Wasted, by Marya Hornbacher.  Harper Perennial (1998), 320 pages.

“It was that simple: One minute I was your average nine-year-old, shorts and a T-shirt and long brown braids, sitting in the yellow kitchen, watching Brady Bunch reruns, munching on a bag of Fritos, scratching the dog with my foot. The next minute I was walking, in a surreal haze I would later compare to the hum induced by speed, out of the kitchen, down the stairs, into the bathroom, shutting the door, putting the toilet seat up, pulling my braids back with one hand, sticking my first two fingers down my throat, and throwing up until I spat blood.”
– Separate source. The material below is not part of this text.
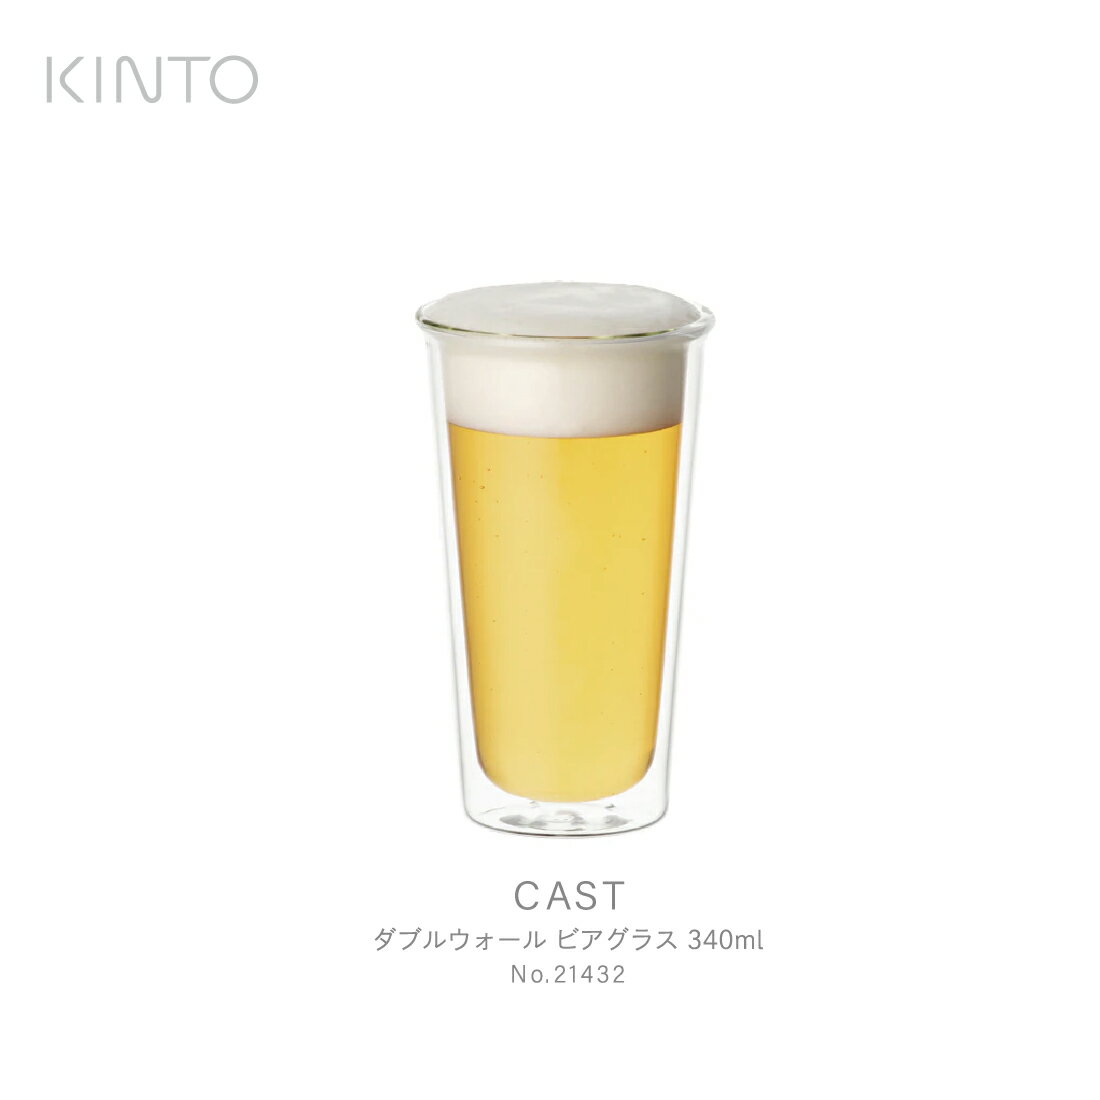 キントー ビールグラス KINTO キント CAST ダブルウォール ビアグラス 340ml 21432 ガラス ビール

This book is unquestionably very well-written and fascinating, yet I struggled with how to review it. The author is, quite simply, a rather unlikable person. I hate looking at her photo on the cover, I’m glad I don’t know her, and I don’t really wish her well. This was troubling to me because it seems one should like (or at least have empathy for) the character one is reading about, particularly if the book is a memoir. Is this a prerequisite for a recommendation? I wondered.

The writing is indisputably good. Her childhood remembrances embody the perfect child’s voice, she shows wonderful self-awareness (except for two significant lapses toward the end) and her details and general observances are authentic and even humorous despite the subject matter.